Great Value Propositions…
- Focus on the jobs, pains, and gains that matter most to customers
- Focus on unsatisfied jobs, unresolved pains, and unrealized gains
- Target few jobs, pains, and gains, but do so extremely well
- Go beyond functional jobs and address emotional and social jobs
- Align with how customers measure success
- Focus on jobs, pains, and gains that a lot of people have or that some will pay a lot of money for
- Differentiate from competition on jobs, pains, and gains that customers care about
- Outperform competition substantially on at least one dimension
- Are difficult to copy
- Are embedded in great business models
The Brand Genetics Take
We like Value Proposition Design because it forces innovators to focus on the ‘use value’ of what they are creating, and thus assess whether there is a genuine market for a product or service (product-market fit). The VPC is simple to the point of simplistic, but in a world or arcane theory and obscure processes, the Value Proposition Canvas is refreshing in its clarity. Beyond the canvas, we liked a number of practical innovation tools offered to help identify, refine and test value propositions
- Product Box – Invite customers to a workshop. Give them a cardboard box and ask them to literally design a product box that they would buy. The box should feature the key marketing messages, main features, and key benefits that they would expect from your value proposition. This will help you understand your customers’ jobs, pains, and gains and the value propositions they’d like, and what really matters to them
- Speed Boat – Prepare a large poster with a speedboat floating at sea and invite customers to explicitly state the problems, obstacles, and risks that are holding them back from successfully performing their jobs to be done by using the analogy of a speed boat held back by anchors.
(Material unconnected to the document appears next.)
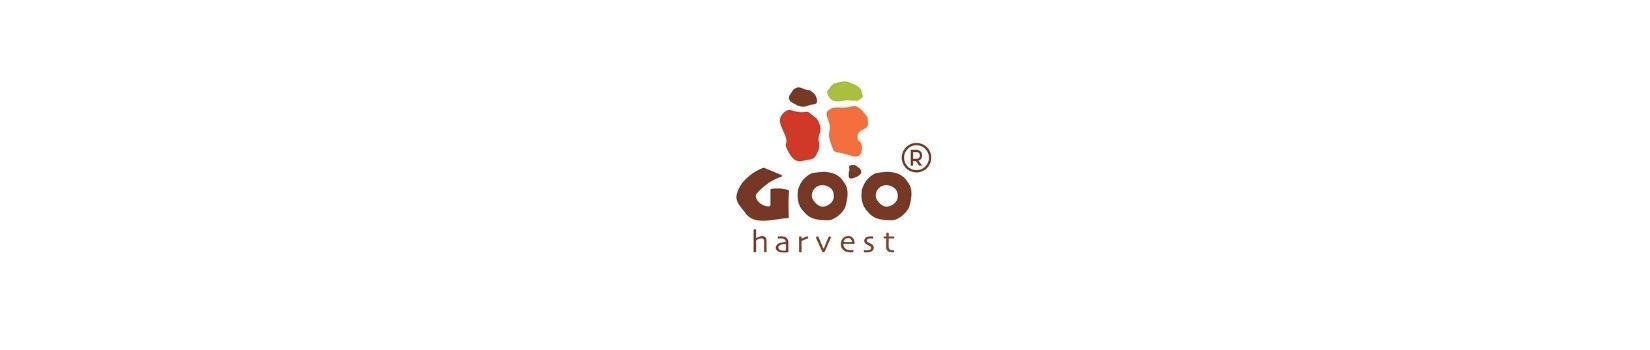 Go'o Harvest

Ask them to place each sticky as anchors to the boat—the lower the anchor, the more extreme the pain. This will help you identify the most extreme pains holding customers back from completing their jobs to be done.
Likewise, we’ve found the Value Proposition ‘Test Card’ and ‘Learning Card’ to be both elegant in their simplicity, and highly useful in real-life practice. Overall, Value Proposition Design and the Value Proposition Canvas offer a powerful framework for doing value-based innovation. Thoroughly recommended.